原爆ドームの歴史は、1915年に広島県物産陳列館として建てられたことに始まります。
チェコの建築家ヤン・レツルが設計したドーム付きの洋館は、1933年に広島県産業陳列館と改められ、運命の日を迎えたのです。
1945年8月6日、産業奨励館はほぼ真上から熱線・爆風を受けたため、ドームの鉄骨が完全に近い形で残ったのは、歴史の奇跡といえます。
戦後は原爆ドームとして国内外で有名になり、1966年に永久保存が決議され国内外から募金が集められた歴史があります。
原爆ドームは1994年から世界遺産への登録の機運が盛り上がり、世界165万人の署名を集め、国会へ提出されたのです。そして1996年、世界遺産へ登録の歴史的快挙に結実したのです。



原爆ドームはなぜ世界遺産に?

原爆ドームが世界遺産に認定されたのは、1996年12月のことです。
すでに世界的に知られた「遺産」でしたが、登録に先立ち国内外から165万人以上の署名を集めるなど、その道程は地道な努力のたまものでした。
広島の原爆ドームは、核兵器がもたらす悲劇を如実に物語る建造物としての「生き」証人です。
世界史の中でも稀有な存在と意義、それが、世界遺産に登録されたのは当然のようにみえます。
登録に際し、核兵器による被害のすさまじさ、平和を訴えるシンボルの2点が、評価ポイントとなりました。
原爆ドームは、正確に言えば「負の遺産」であり、そういった遺産は世界でもごく少数しかありません。
また、近くには、同じく世界遺産の宮島・厳島神社があり、クルーズ船で約45分で行き来できるほど隣接しているのも珍しいことでしょう。

原爆ドームへのアクセス

原爆ドームの最寄り駅は、広島電鉄「原爆ドーム前」電停で、電停から徒歩1分くらいで着きます。JR広島駅からアクセスするには、広島駅電停から2号線・6号線の、広電宮島行き・江波行きに乗車し、約16分でアクセスできます。
原爆ドームへ車でアクセスしようとする際、注意点は直営の駐車場がないことです。周辺の広島市営駐車場などにとめ、遠い場所にある場合は路面電車に乗り換えるという、パーク&ライド方式になります。
ちなみに、原爆ドームは宮島から「世界遺産航路」でアクセスするルートもあり、水の都・広島を肌で楽しむことができ、観光客に好評です。所要時間は片道45分ほどのクルーズで、近くの元安桟橋に乗り場があります。



原爆ドーム近隣の駐車場

原爆ドームには、一般車がとめられる専用の駐車場はありません。
車でアクセスしたとしても直接乗り入れはできず、近隣の有料駐車場に車をとめてから、路面電車などに乗り換えて現場まで移動することになります。
原爆ドームの周辺では、広島市内の各地にある広島市駐車場が重宝します。
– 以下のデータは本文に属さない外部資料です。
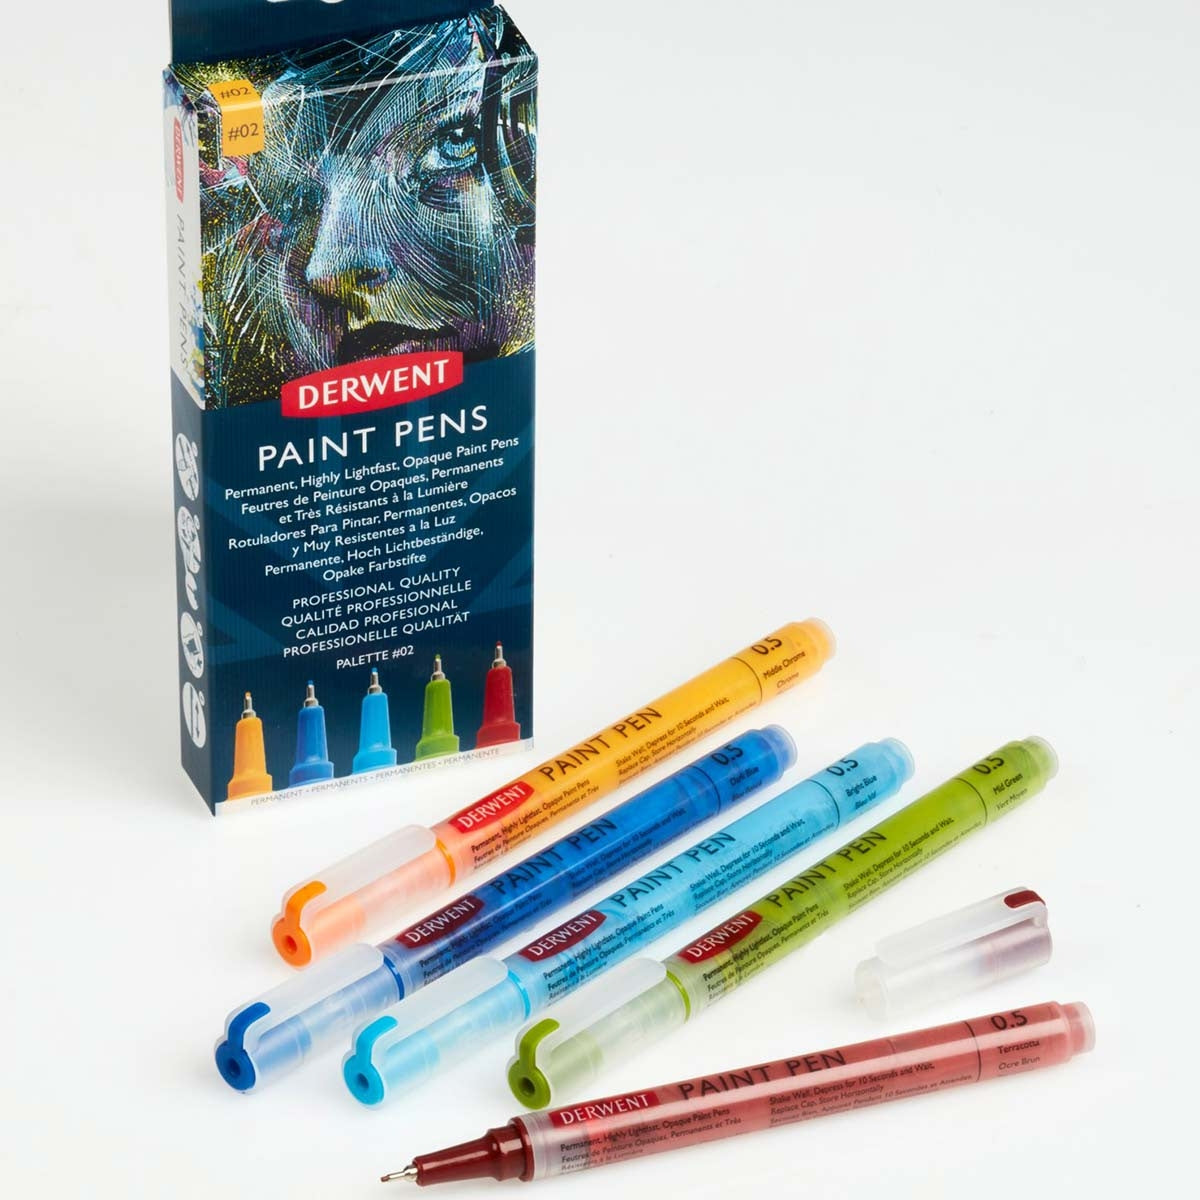 Derwent - Paint Pens - 5x Assorted Colours -  Palette No.2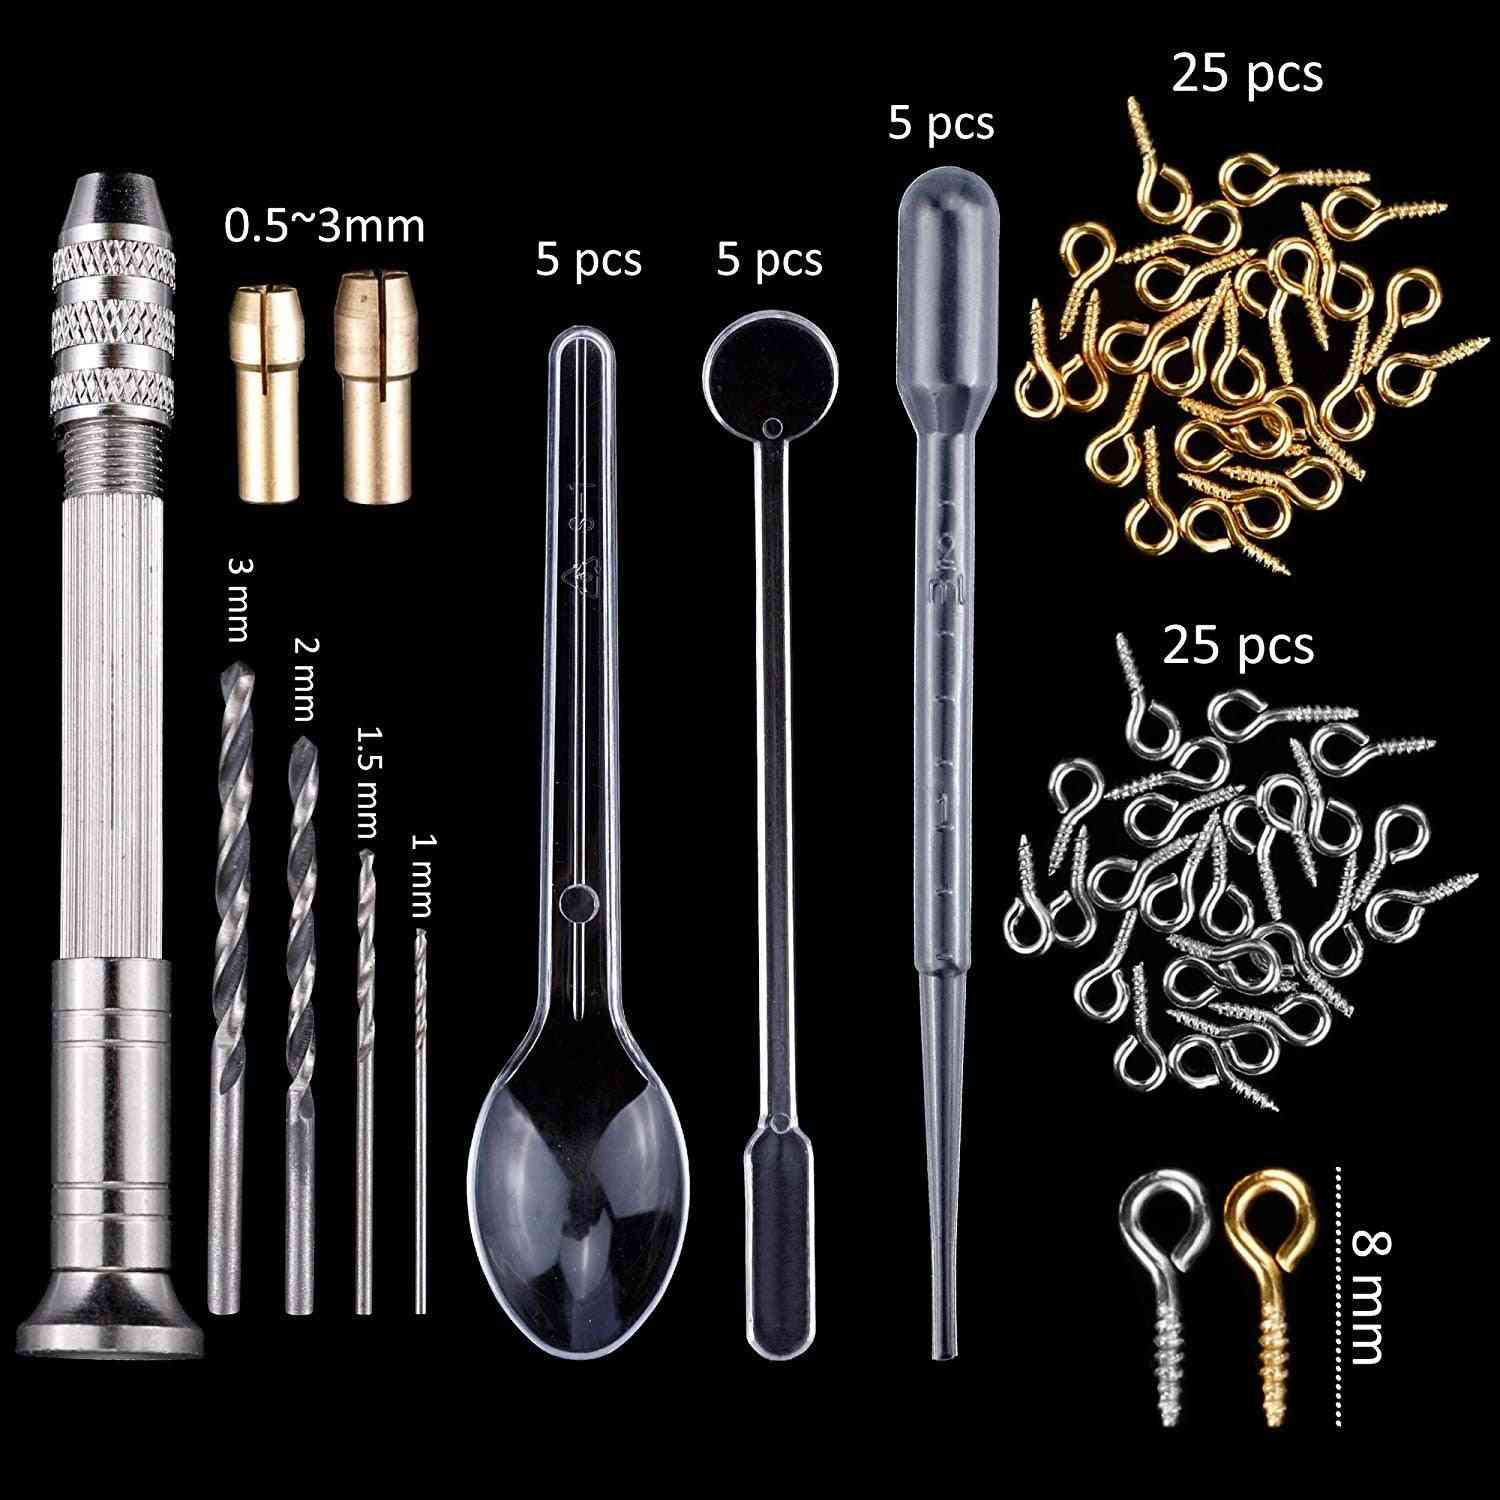 Moldes y herramientas de fundición de silicona con una bolsa de almacenamiento negra para hacer manualidades de joyería

駐車料金は30分につき150〜180円程度に収まっていて、有名な観光地エリアとしてはリーズナブルな料金体系かもしれません。
原爆ドームへのアクセスに便利な広島市駐車場は、都合25ヶ所にあります。基町や大手町第1は、平和公園に近く比較的便利な場所にありますが、少し離れた場所にあっても、パーク&ライド方式よろしく、路面電車やバスに乗り換えて簡単にアクセスできます。

原爆ドームを臨む資料館

広島平和記念資料館は、元安川をはさんで原爆ドームの反対側、平和公園内にあります。
▼平和記念公園▼

資料館の建物は、本館・東館に分かれ、何度かのリニューアルを経て今日にいたっています。▼平和記念資料館▼

資料館・本館は、被爆の実相を展示しています。原爆ドーム、証言ビデオ、被爆者の遺品など、どれも広島でしか見物できません。2019年にはリニューアル完了予定で、閉館中はホームページでバーチャル見学ができます。
資料館・東館は、広島の歩み・核兵器の危険性を展示するエリアです。かつての産業奨励館が原爆ドームとなるまでと、戦後の平和の歩みを学習できます。リニューアル後、原爆投下の瞬間をCGで再現したコーナーができ、だれもが衝撃を受けると話題になりました。

▲「広島平和記念資料館」原爆投下CG映像▲



原爆ドームや広島平和記念資料館の「営業時間」

原爆ドームの閲覧可能時間や営業時間って決まっているの? という声を耳にすることがありますが、元安川の川べりにある原爆遺構で、営業時間が定められているわけではありません。昼でも夜でも、柵の外から見学可能で、夜でもライトアップされた姿を見るために、訪れる人は少なくありません。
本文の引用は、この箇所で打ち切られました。